--- Activity ---
Every line below between the line holding "TENGA Egg Shiny Pride Edition" and the line holding "PETER MILLAR Slim-Fit", inclusive, should be repeated exactly, and all other lines omitted.

--- Information supplied ---
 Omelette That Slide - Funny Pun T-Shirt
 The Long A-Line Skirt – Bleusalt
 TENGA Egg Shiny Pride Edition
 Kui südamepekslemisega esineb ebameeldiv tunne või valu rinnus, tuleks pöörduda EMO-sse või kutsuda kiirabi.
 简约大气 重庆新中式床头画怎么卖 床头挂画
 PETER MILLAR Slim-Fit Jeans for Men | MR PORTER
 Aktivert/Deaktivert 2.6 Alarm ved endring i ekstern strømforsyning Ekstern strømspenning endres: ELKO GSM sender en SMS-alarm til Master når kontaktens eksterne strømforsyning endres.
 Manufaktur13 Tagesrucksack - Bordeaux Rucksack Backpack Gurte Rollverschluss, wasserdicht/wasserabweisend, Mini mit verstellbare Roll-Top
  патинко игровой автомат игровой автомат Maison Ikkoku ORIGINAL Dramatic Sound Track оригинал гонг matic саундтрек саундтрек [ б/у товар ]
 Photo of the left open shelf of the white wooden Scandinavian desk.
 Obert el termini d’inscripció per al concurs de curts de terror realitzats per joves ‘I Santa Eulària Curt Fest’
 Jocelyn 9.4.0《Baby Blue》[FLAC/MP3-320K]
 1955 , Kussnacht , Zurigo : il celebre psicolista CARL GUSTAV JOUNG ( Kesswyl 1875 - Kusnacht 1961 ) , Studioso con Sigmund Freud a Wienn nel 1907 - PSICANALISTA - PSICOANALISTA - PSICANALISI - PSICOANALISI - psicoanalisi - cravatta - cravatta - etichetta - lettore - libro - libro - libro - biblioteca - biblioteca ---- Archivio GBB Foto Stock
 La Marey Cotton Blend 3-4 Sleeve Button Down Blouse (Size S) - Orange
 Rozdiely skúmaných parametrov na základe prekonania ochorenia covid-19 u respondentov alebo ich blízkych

--- Result for this task ---
 TENGA Egg Shiny Pride Edition
 Kui südamepekslemisega esineb ebameeldiv tunne või valu rinnus, tuleks pöörduda EMO-sse või kutsuda kiirabi.
 简约大气 重庆新中式床头画怎么卖 床头挂画
 PETER MILLAR Slim-Fit Jeans for Men | MR PORTER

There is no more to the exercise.